Aspects de l’architecture moderne

Extraits d'un exposé fait à l'Université de Lausanne le 4 février 1959 sous les auspices de la Société Académique vaudoise

II ne s’agit plus aujourd’hui de l’habituelle querelle des anciens et des modernes. Ces derniers ont tout naturellement gagné la partie.

La vie est toujours plus forte que les Académies.

C’est dans l’ordre des choses.

On ne se bat plus aujourd’hui pour ou contre les styles. Ce combat a épuisé ses derniers Don Quichotte.

Il y a 40 ans déjà que tout l’essentiel a été dit dans cet ordre de choses.

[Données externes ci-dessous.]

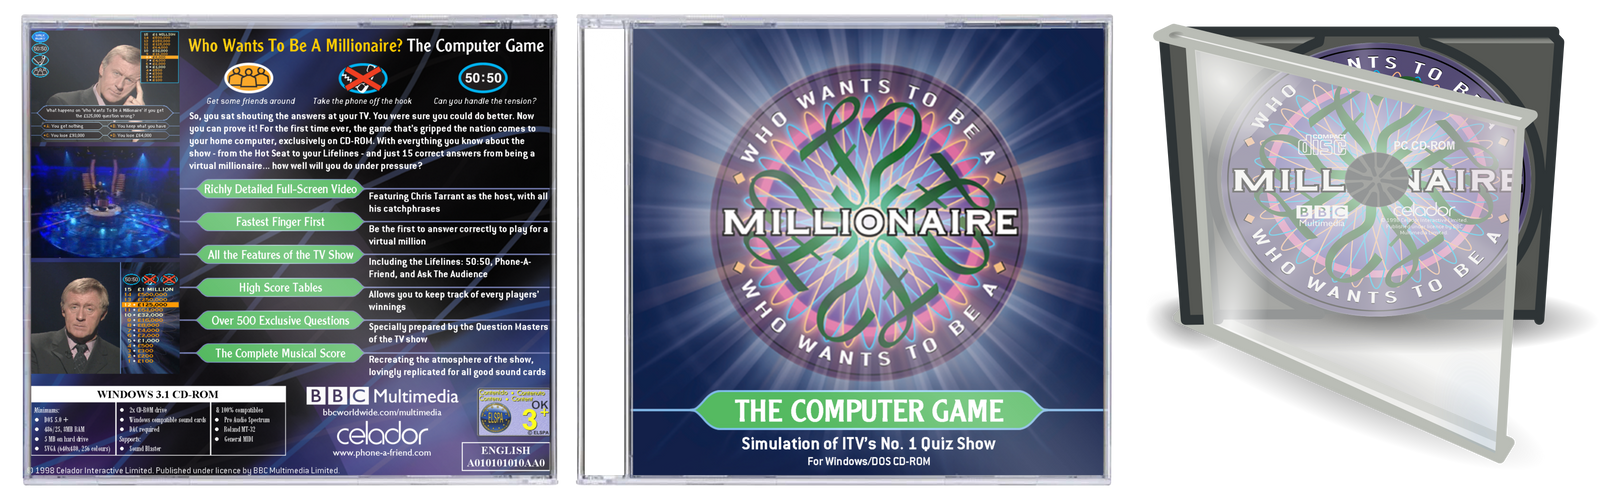 Who Wants To Be A Millionaire Template For Mac
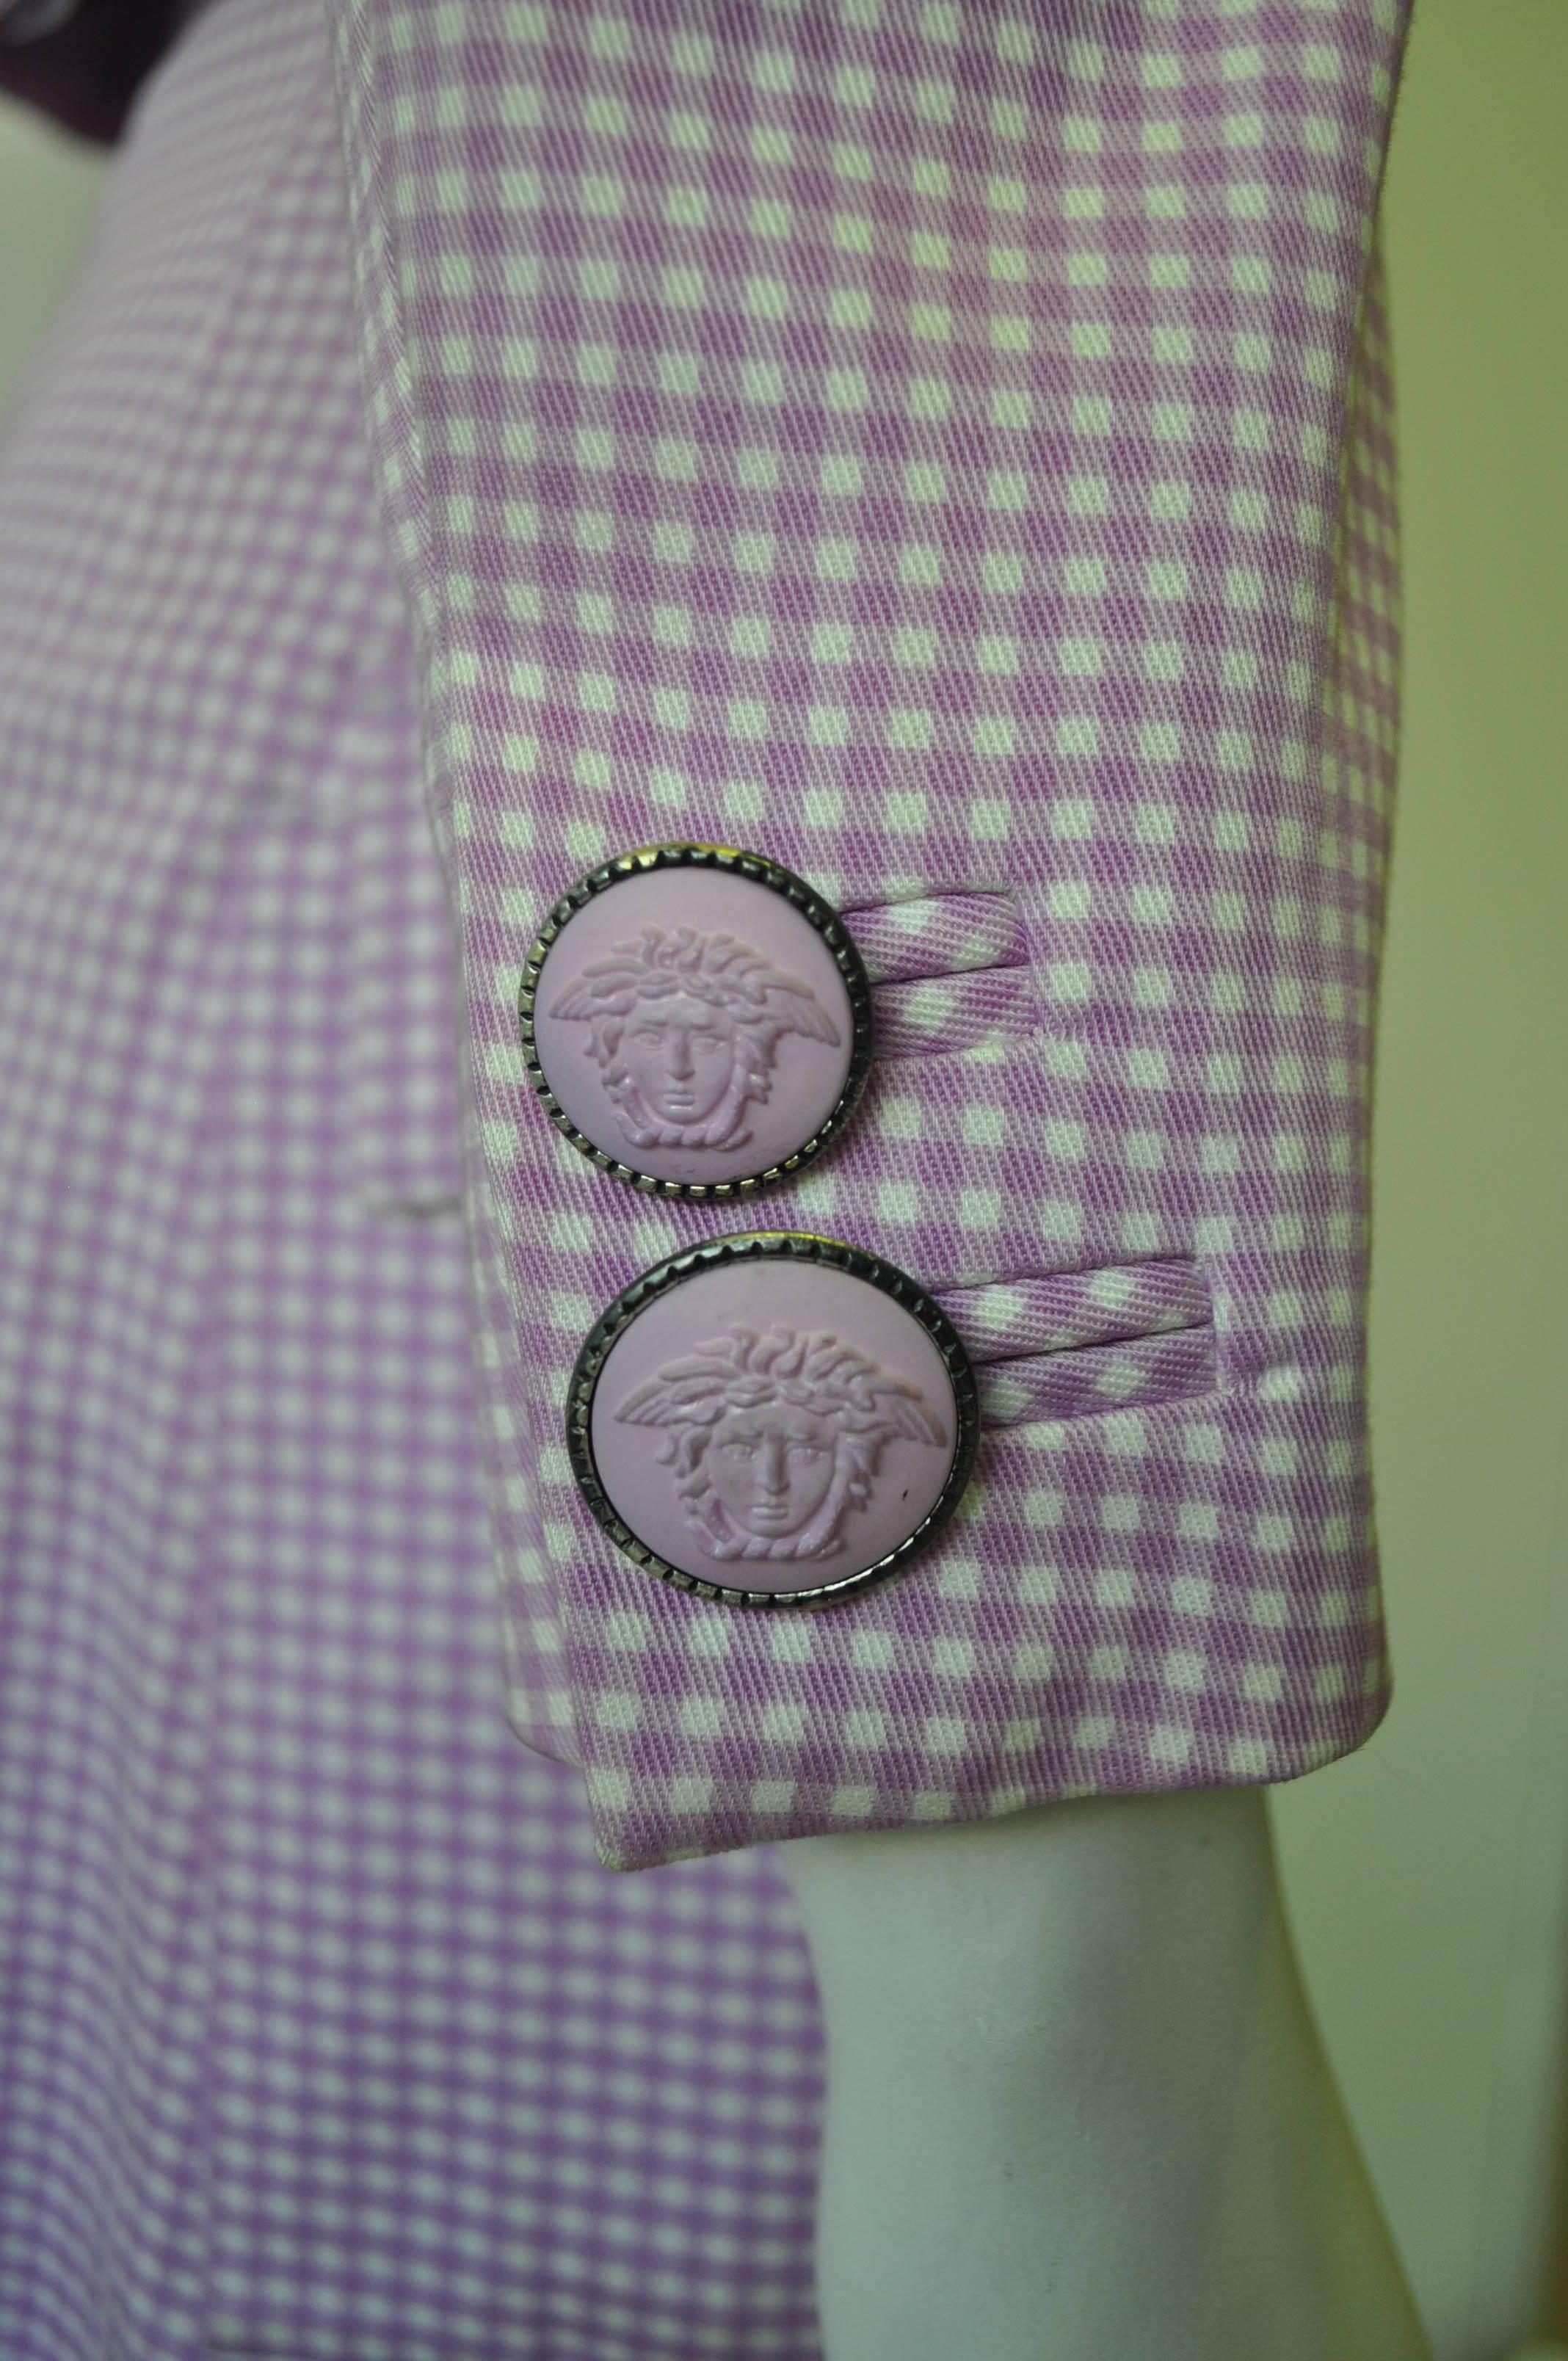 Exceptional Gianni Versace Couture Check Skirt Suit featuring Medusa Buttons For Sale 1

C’était alors l’épopée glorieuse des promoteurs de l’architecture moderne.

En 1920, ils étaient jeunes: — Wright en Amérique avait 50 ans.

— Mies à Berlin en avait 34.

— et Le Corbusier à Paris en avait 33.

Nous retrouverons tout à l’heure ce trio hors pair.

Rappelons-nous que leurs aînés, les précurseurs de l’architecture moderne avaient déjà sérieusement dégrossi les problèmes: Citons à titre d’exemple: — Sullivan et l’école de Chicago pour l’Amérique, — le Belge Van de Velde (émergeant et dépassant les tenants du Jugendstyl) et Behrens en Allemagne, — Tony Garnier, le créateur de la cité industrielle, Perret et Lecœur, en France.

Tous ces noms évoquent pour nous un monde nouveau!

Cherchons à mieux comprendre son contenu, cherchons à deviner ce qu’il y a derrière la façade, à saisir le complexe d’idées que contiennent en fait les carcasses des bâtiments, Jugeant mieux de leur visage, de leur physionomie, nous devinerons plus aisément leur caractère, leur esprit, pour peu qu’ils en aient!

Cette confrontation nous paraît opportune, car c’est un fait que le public s’intéresse de nouveau à l’architecture, à cet art si familier qu’on en vient à oublier que c’est un art: que des pierres, du bois, du fer mis en œuvre convenablement sont capables d’émouvoir.

L’intérêt est là, mais dans les idées émises règne la confusion.

Tentons d’y mettre un peu d’ordre.

Le moment nous semble d’autant plus opportun de faire le point, que la révolution, ou mieux, la mutation de notre art est virtuellement terminée. Nous nous trouvons présentement dans une période d’application pratique, à peine contrariée par une lente évolution.

Quelles sont les caractéristiques essentielles de l’architecture contemporaine? Comment en dégager l’essence, la beauté?

Comment en prévenir les excroissances malsaines qui accompagnent toute manifestation vitale?

Comment s’y prendre?

Comment rendre visible l’invisible?

C’est le rôle assigné à l’artiste par le peintre Paul KLEE Vouloir jouer au critique d’art est bien plus périlleux encore!

Pour ma part, j’ai choisi de rester prudemment sur terre et de ne pas me risquer dans le dédale de considérations trop philosophiques. C’est à une analyse comparative des œuvres architecturales les plus représentatives de notre époque que je vous convie Souvenons-nous d’abord que le style c’est l’homme.

Choisissons donc parmi l’immense cohorte des bâtisseurs de notre temps, ceux qui, par leur personnalité et leur œuvre s’imposent manifestement à l’attention.

Incontestablement, trois noms, trois concepts émergent, dominent toute la création architecturale de notre époque.

Mies van der Rohe:

dominé par: la raison

d'expression: structurale architectonique

de caractère: classique

Le Corbusier:

dominé par: les sens, le corps

d'expression: plastique

de caractère: composite

Frank Lloyd Wright:

dominé par: le sentiment

d'expression: picturale foncionnelle

de caractère: baroque

A eux trois, par leur œuvre architecturale et leur philosophie de l’art, ils répondent aux multiples aspirations artistiques de notre civilisation machiniste.

Identifiés à leur œuvre, ils occupent les sommets d’un triangle idéal qui peut servir de représentation synoptique pour les diverses tendances d’expression architecturale de notre temps.